(Task statement) Starting with the line that contains "Juan's July 2023 Goals", return every line through the end of the listing below exactly as written. Omit the pictures.

(Data section)
= Beginning of Section =

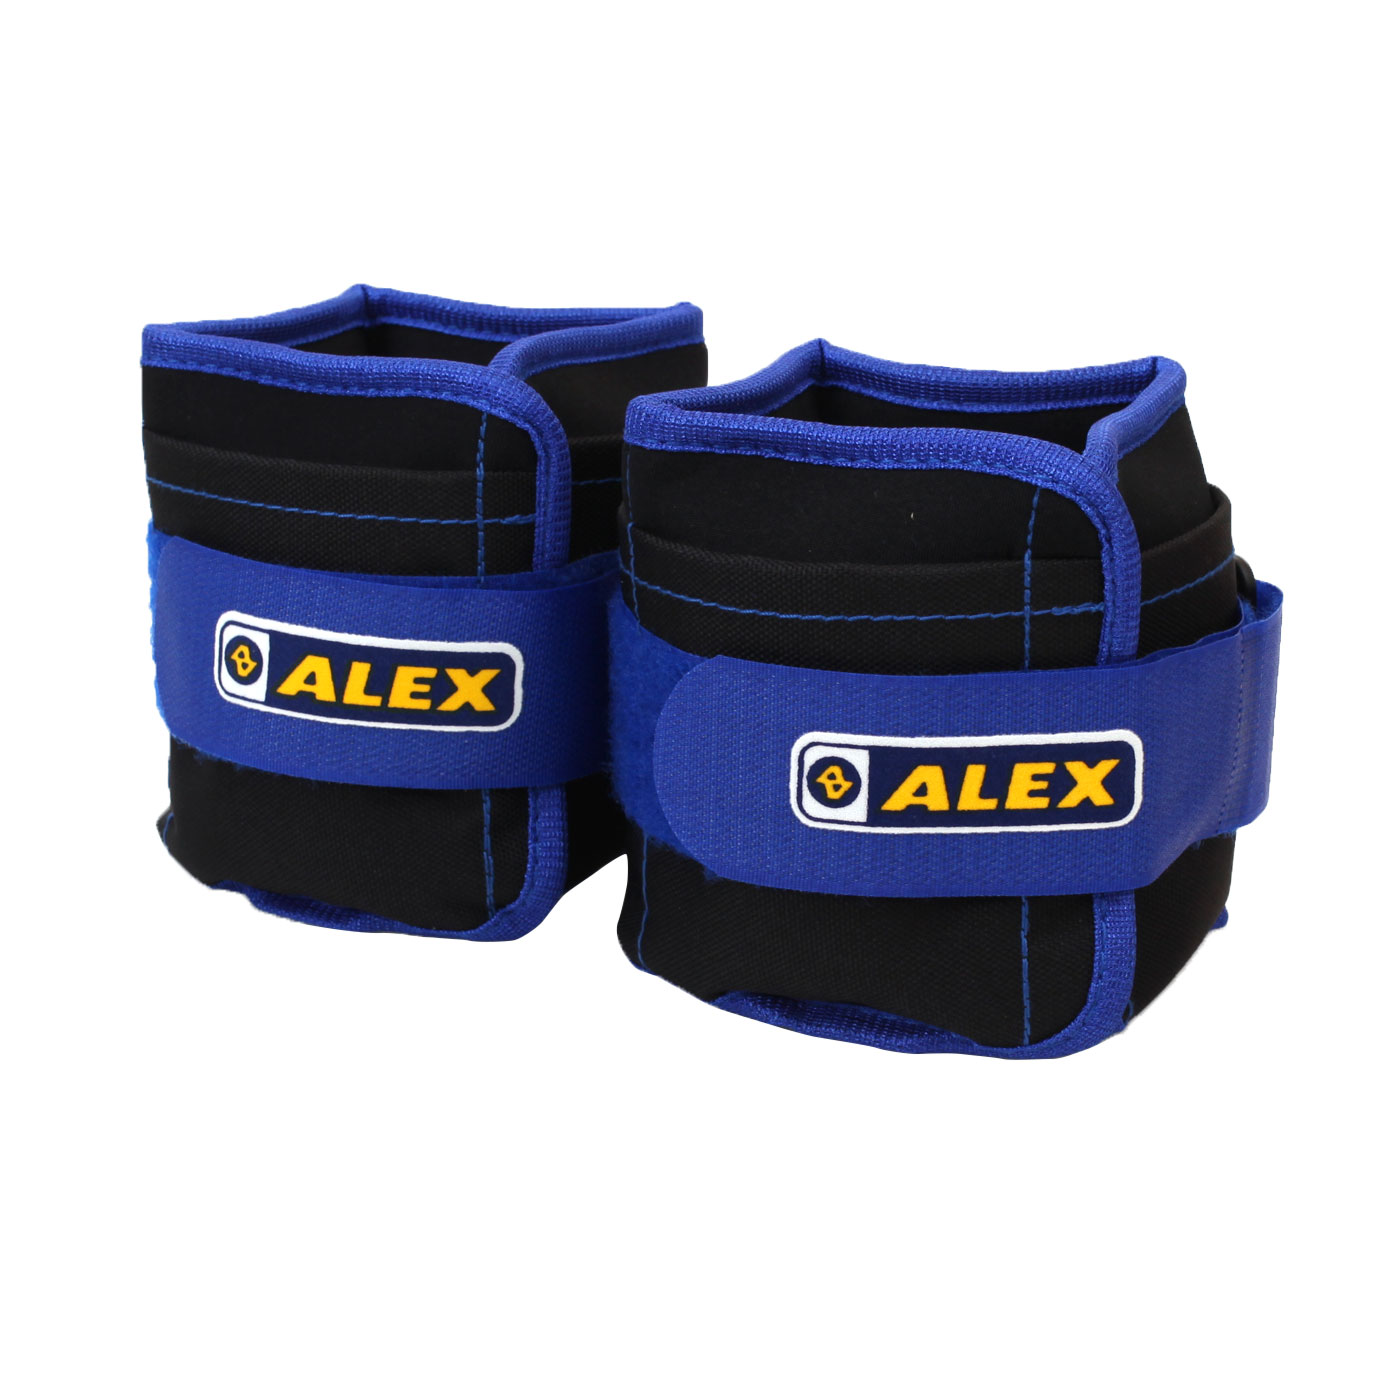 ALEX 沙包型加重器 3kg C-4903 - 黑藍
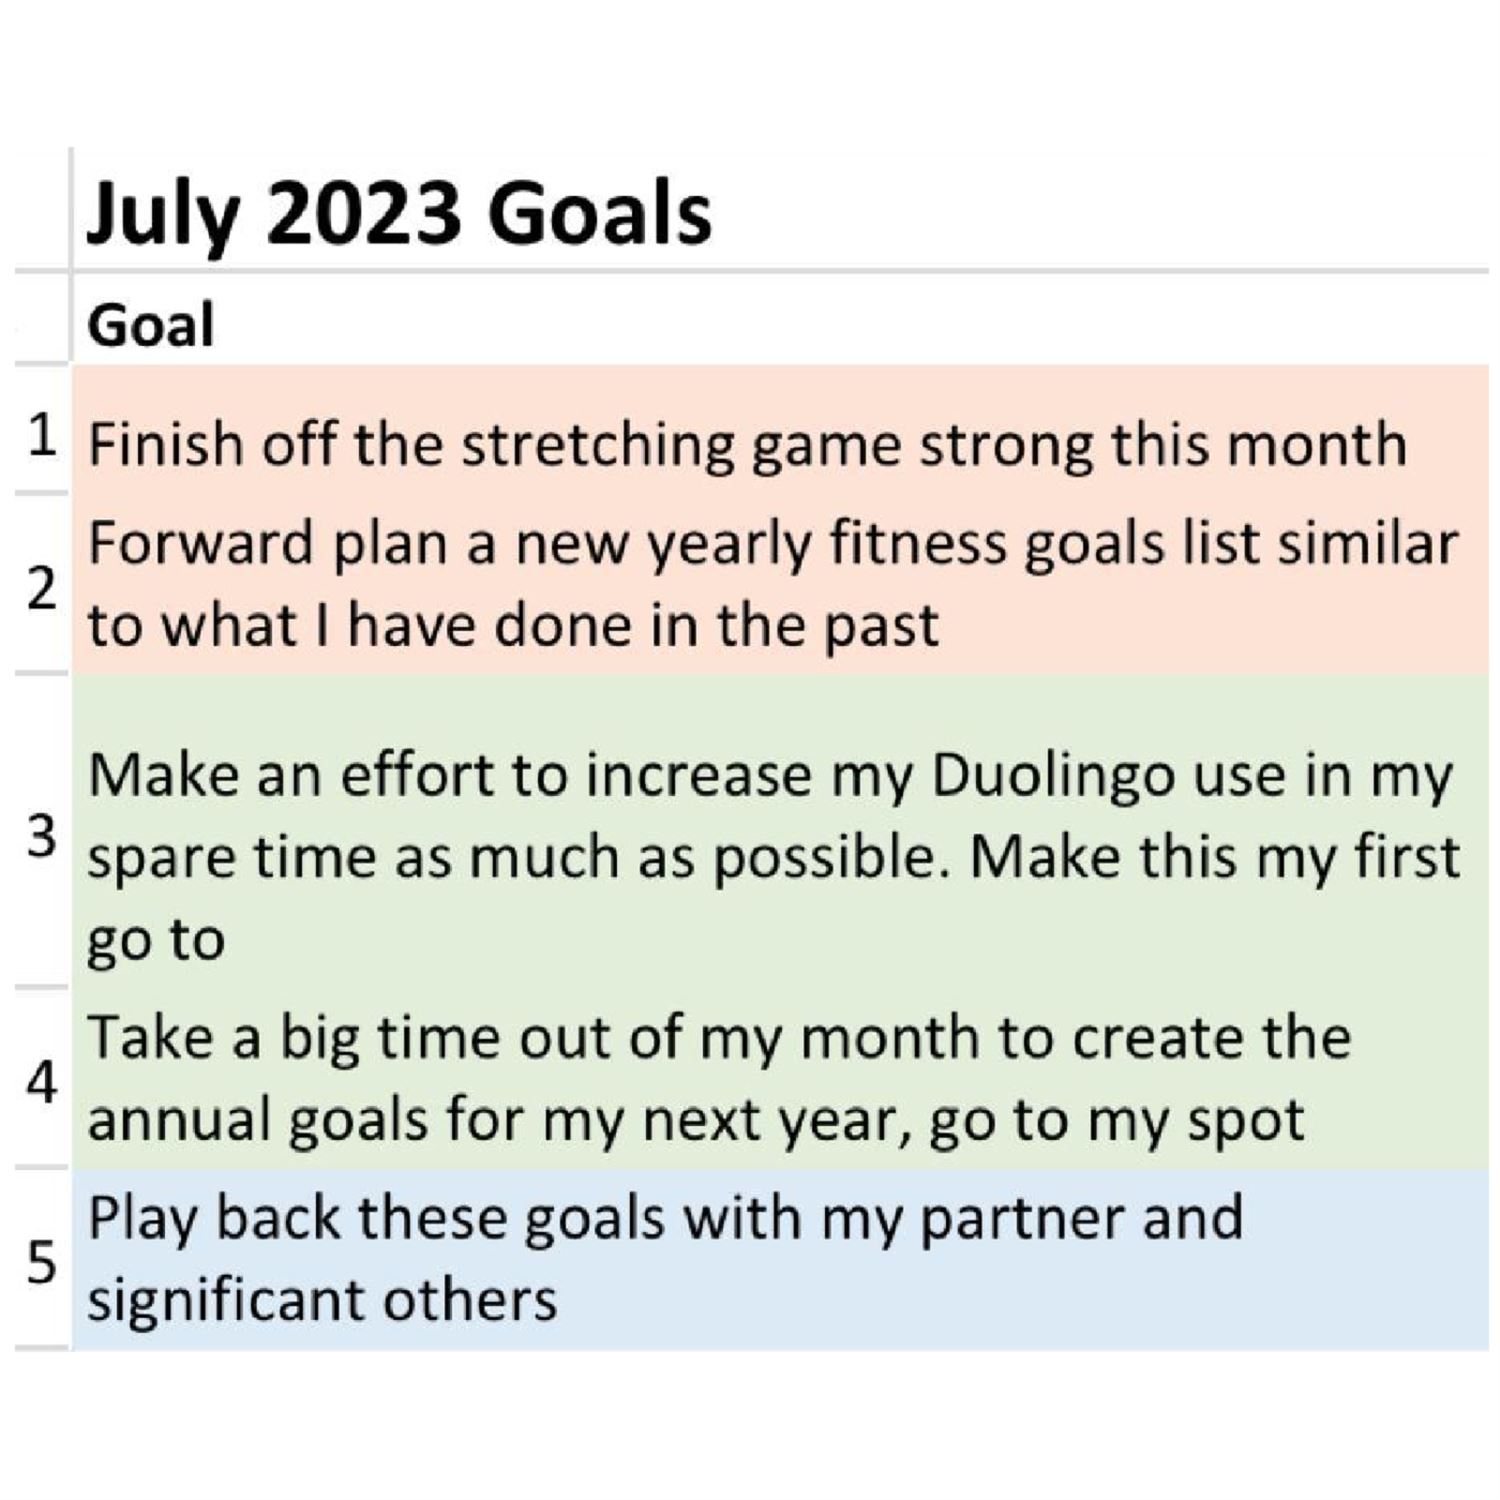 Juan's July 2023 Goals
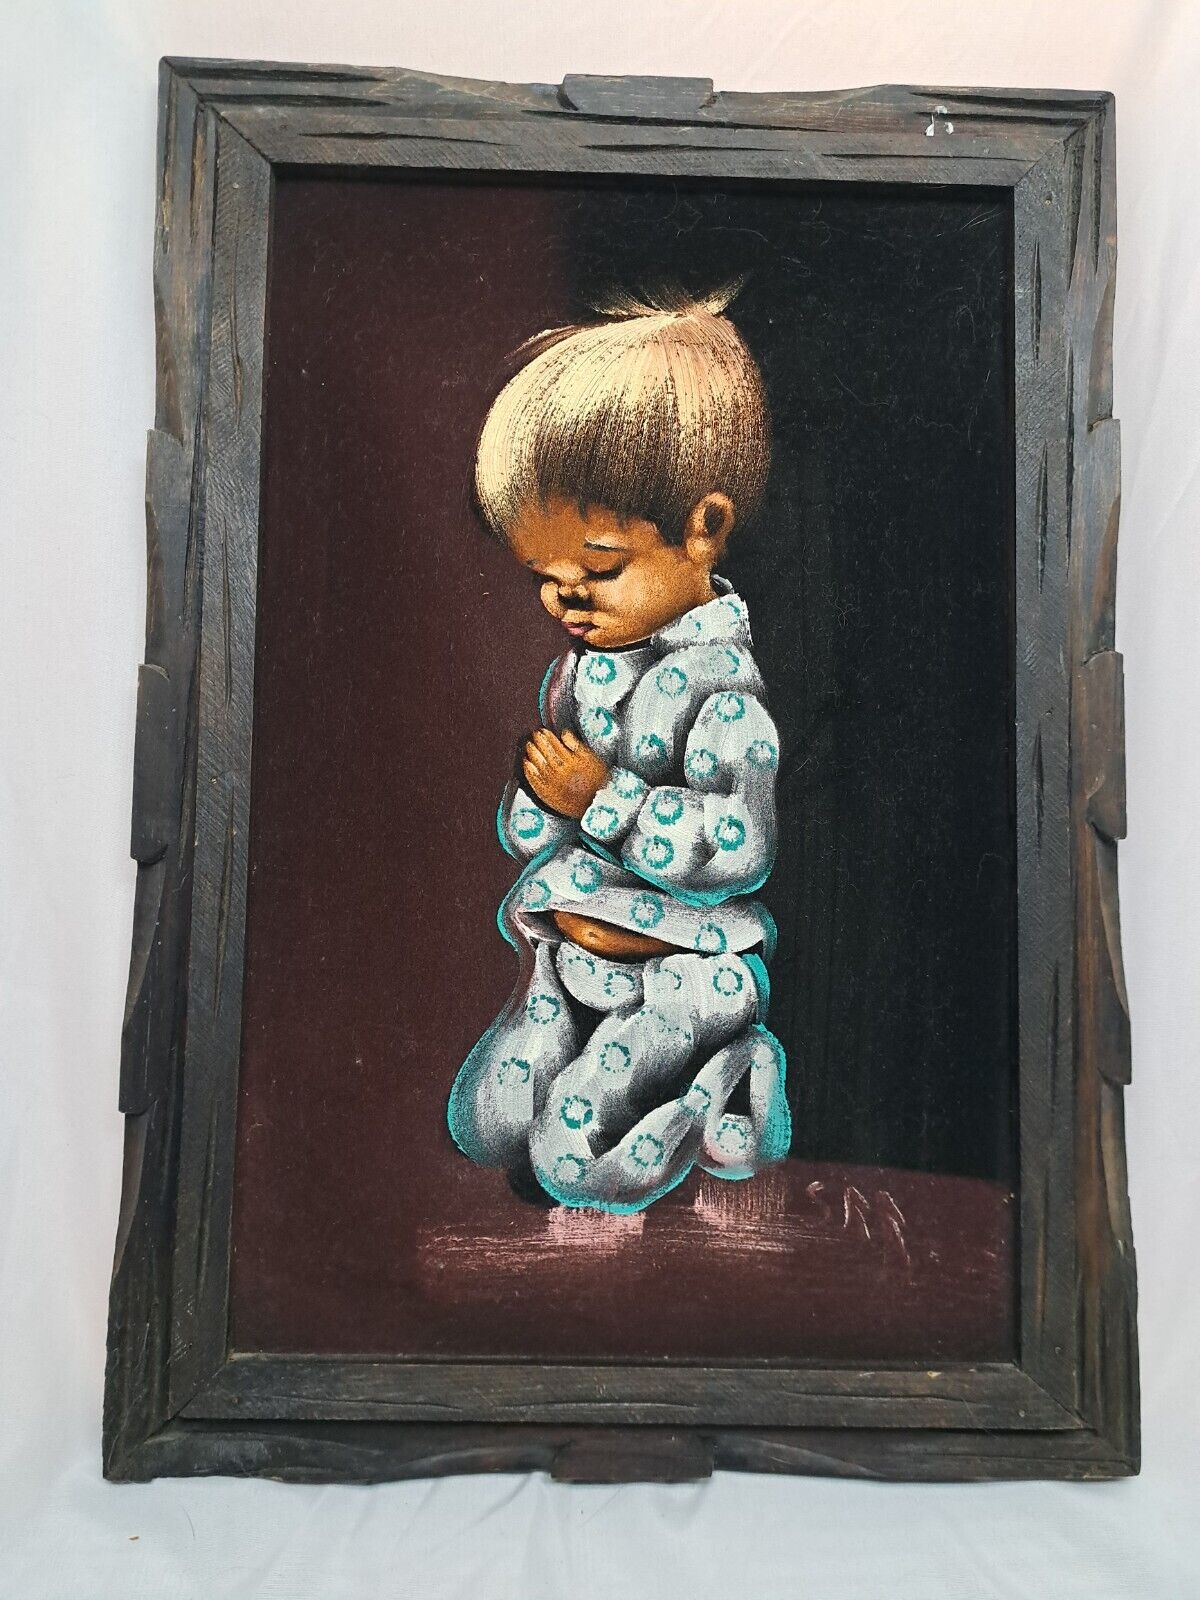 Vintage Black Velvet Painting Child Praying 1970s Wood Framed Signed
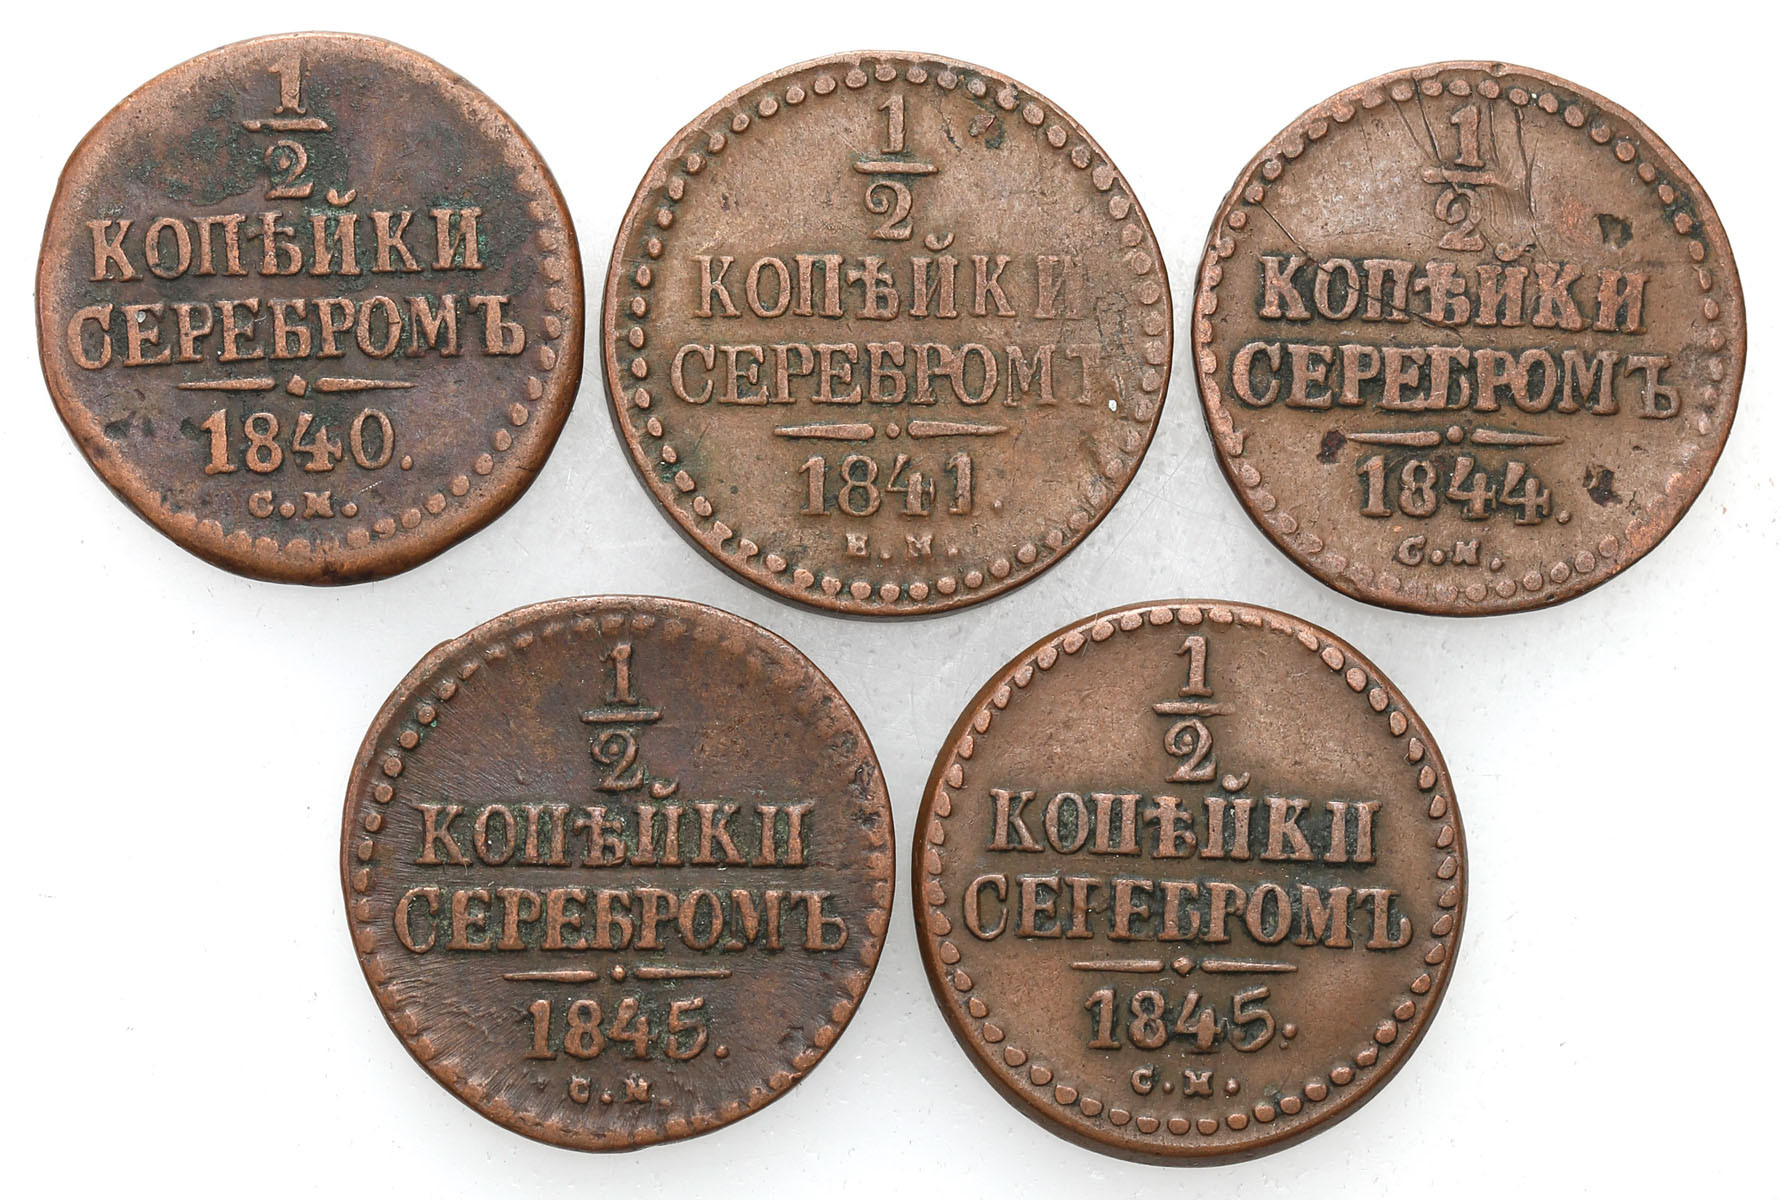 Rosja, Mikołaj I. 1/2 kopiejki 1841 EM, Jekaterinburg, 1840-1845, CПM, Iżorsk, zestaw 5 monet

= End of Section =

(Solution to this task)
 Juan's July 2023 Goals
 Vintage Black Velvet Painting Child Praying 1970s Wood Framed Signed
 Rosja, Mikołaj I. 1/2 kopiejki 1841 EM, Jekaterinburg, 1840-1845, CПM, Iżorsk, zestaw 5 monet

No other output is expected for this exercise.